# Tuning fingerprint parameters

Here, we showcase how electronic density-of-states (DOS) fingerprints can be tuned to focus on different energy ranges.

## Data download

In [None]:
from os.path import exists as path_exists

We re-use data from Ref. [1], which is based on the electronic density of states of 2D materials from the [C2DB](https://cmr.fysik.dtu.dk/c2db/c2db.html) [2,3]. We download the data and unpack it:

In [None]:
if not path_exists("C2DB_TDOS.json.zip"):
    !curl -o C2DB_TDOS.json.zip https://raw.githubusercontent.com/kubanmar/dos-fingerprints-data/master/dos_data_and_fingerprints.json.zip

In [None]:
if not path_exists("dos_data_and_fingerprints.json"):
    !unzip C2DB_TDOS.json.zip

## Generation of DOS fingerprints

In [None]:
import json

In [None]:
from madas.fingerprints import DOSFingerprint
from madas.utils import tqdm

In [None]:
# Load dos data
with open("dos_data_and_fingerprints.json", "r") as f_:
    dos_data = json.load(f_)

Following `Grid` parameters from [1]:
 - Δεmin = 0.05 eV
 - Δεmax = 1.05 eV
 - N = Δεmax/Δεmin = 21
 - εref = 0 eV 
 - W = 4 eV 
 - WH = 4 eV
 - Nρ = 512
 - ρmin = NρΔρmin = 0.25
 - ρmax = 2.75
 - NH = ρmax/ρmin = 11
 
 We define the grid for the fingerprint: 

In [None]:
grid_original = DOSFingerprint.get_default_grid().create(delta_e_min=0.05, 
                                                         delta_e_max=1.05, 
                                                         e_ref=0, 
                                                         width=4, 
                                                         n_pix=512, 
                                                         delta_rho_min=0.25, 
                                                         delta_rho_max=2.75, 
                                                         cutoff=[-3,3])

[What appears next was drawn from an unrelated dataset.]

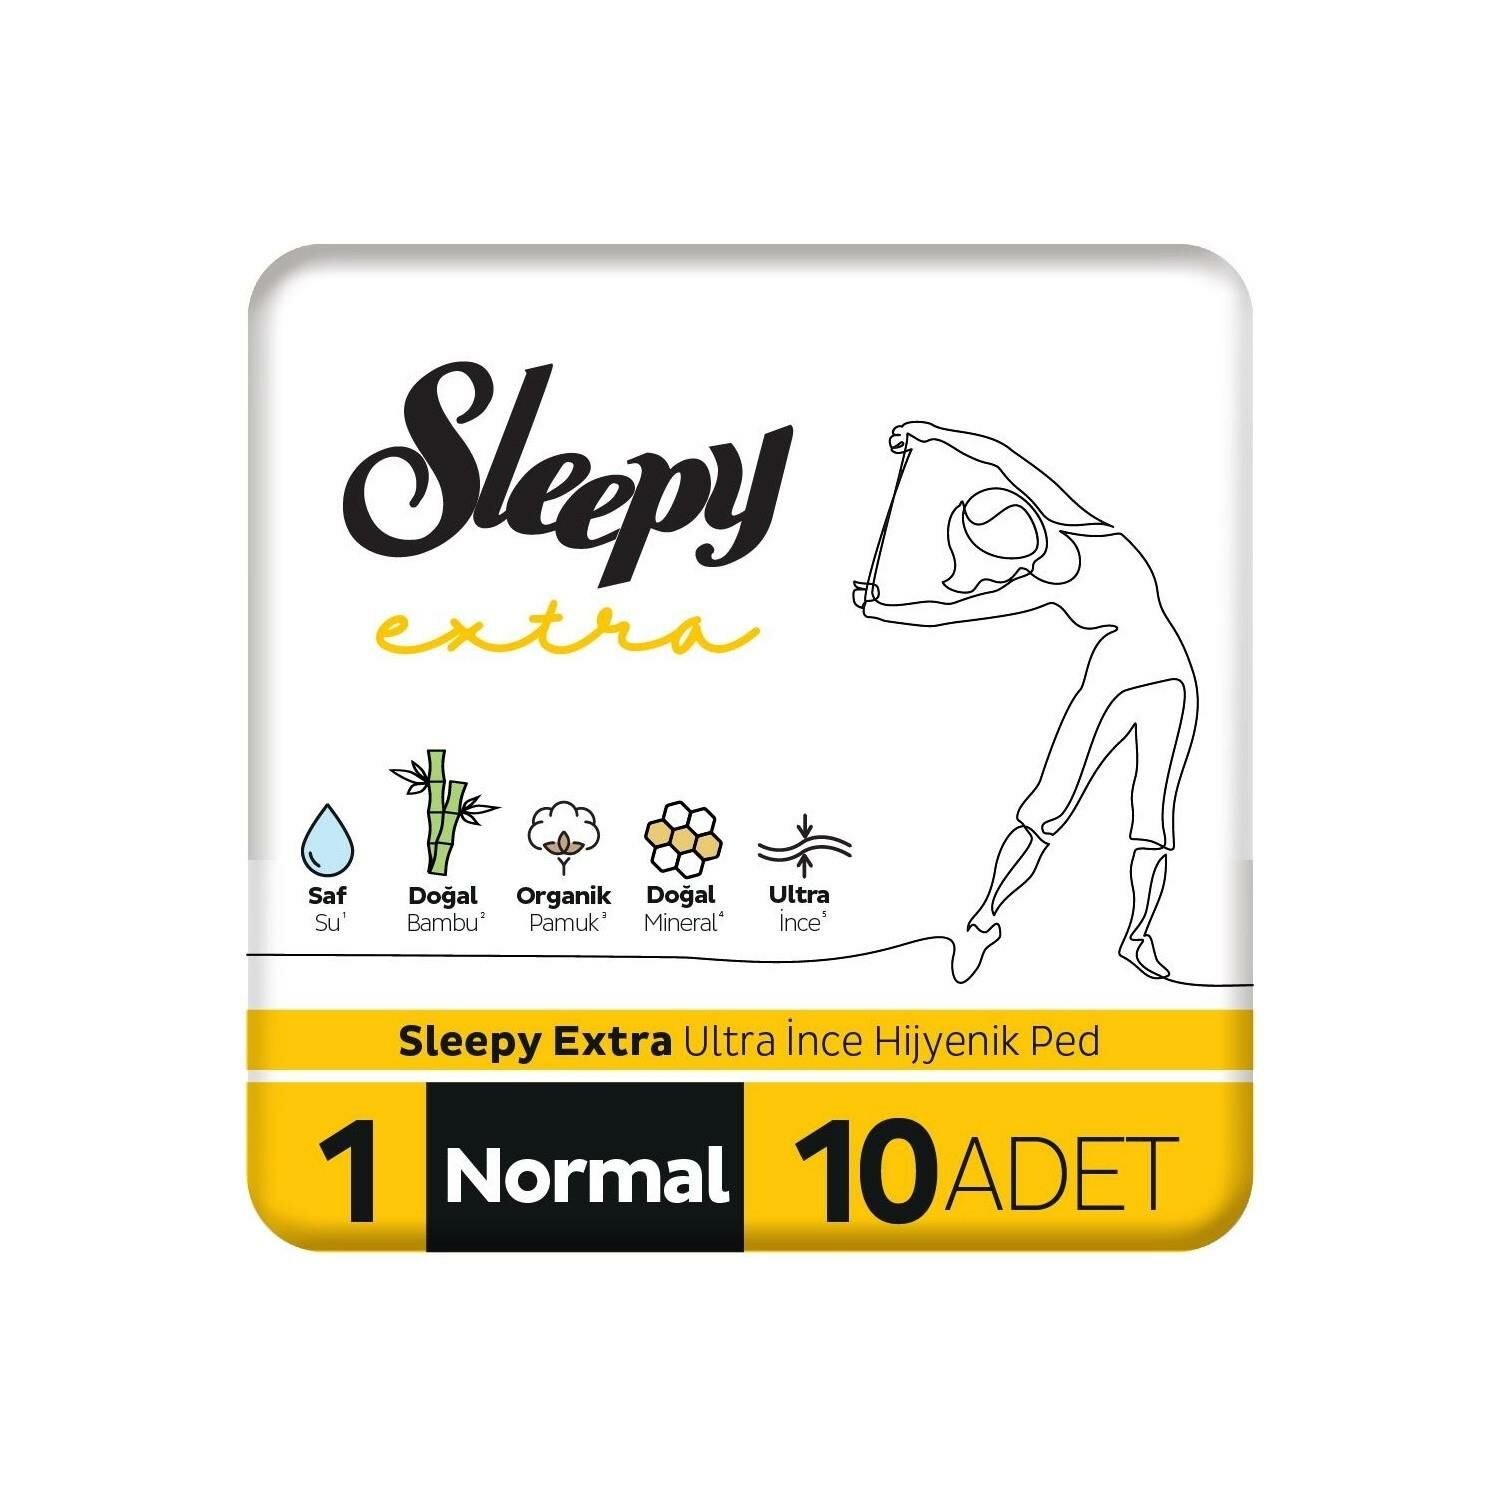 Sleepy Extra Ultra Ince Standart Hijyenik Ped Normal 10 Adet Ped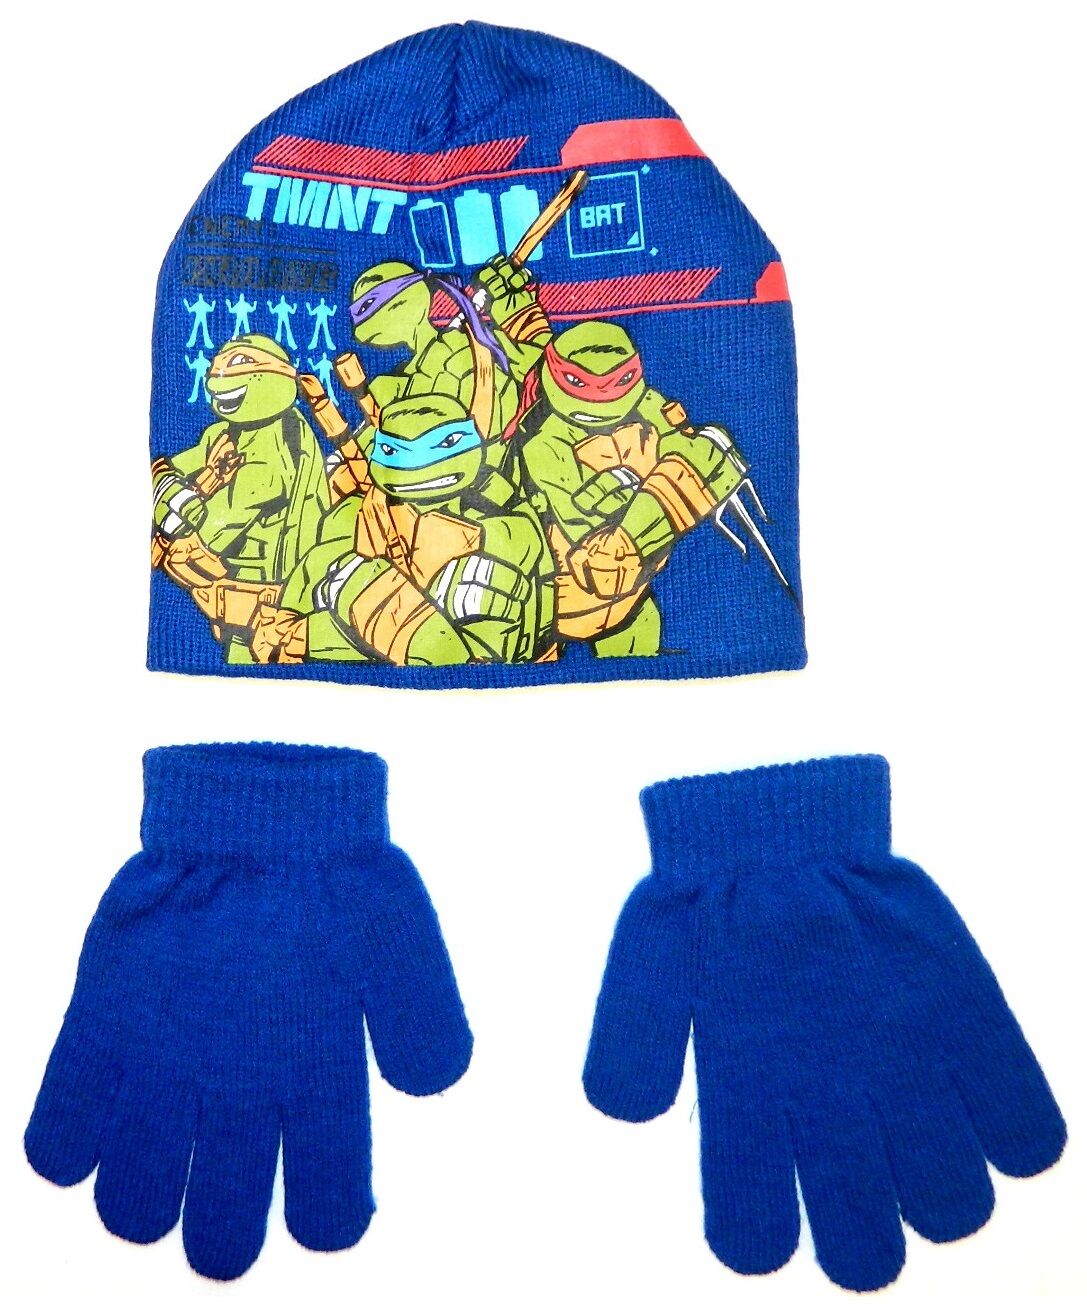 Teenage Mutant Ninja Turtle Blue Hat & Glove Set, Age 2-4 (52cm), Age 4-8 (54cm), 100% Acrylic, Official Merchandise

and compute the fingerprints for all the data entries in the data set.

In [None]:
ZERO_fps = []
for key, raw_data in tqdm(dos_data.items()):
    # We generate a new fingerprint using the grid id of our grid
    new_fp = DOSFingerprint(grid_id=grid_original.get_grid_id()).calculate(raw_data["energy"], 
                                                                           raw_data["dos"], 
                                                                           convert_data=None)
    # because we use the DOSFingerprint().calculate() method, the id of the fingerprints is not
    # set automatically. We therefore have to set it:
    new_fp.set_mid(key)
    # and append the new fingerprint to the list
    ZERO_fps.append(new_fp)

Next we create a new grid with focus on the conductions bands, by changing the reference energy to $2$ eV. From this new grid we create the respective fingerprints.

In [None]:
grid_PLU2 = grid_original.copy()

# set reference energy to +2 eV
grid_PLU2.e_ref = 2

# the cutoff is defined w.r.t. the reference energy
# therefore we must adapt the cutoff when changing
# the reference energy
grid_PLU2.cutoff_min = -5
grid_PLU2.cutoff_max = 1

PLU2_fps = []
for key, raw_data in tqdm(dos_data.items()):
    new_fp = DOSFingerprint(grid_id=grid_PLU2.get_grid_id()).calculate(raw_data["energy"], 
                                                                           raw_data["dos"], 
                                                                           convert_data=None)
    new_fp.set_mid(key)
    PLU2_fps.append(new_fp)

We create another set of fingerprints with the focus of the grid in the valence bands, by setting the reference energy of the grid to $-2$ eV.

In [None]:
grid_MIN2 = grid_original.copy()

# set reference energy to -2 eV
grid_MIN2.e_ref = -2
# adapt cutoff
grid_MIN2.cutoff_min = -1
grid_MIN2.cutoff_max = 5

MIN2_fps = []
for key, raw_data in tqdm(dos_data.items()):
    new_fp = DOSFingerprint(grid_id=grid_MIN2.get_grid_id()).calculate(raw_data["energy"], 
                                                                           raw_data["dos"], 
                                                                           convert_data=None)
    new_fp.set_mid(key)
    MIN2_fps.append(new_fp)

## Calculation of similarity matrices

In [None]:
from madas import SimilarityMatrix

In [None]:
%%time
ZERO_simat = SimilarityMatrix().calculate(ZERO_fps)

In [None]:
%%time
PLU2_simat = SimilarityMatrix().calculate(PLU2_fps)

In [None]:
%%time
MIN2_simat = SimilarityMatrix().calculate(MIN2_fps)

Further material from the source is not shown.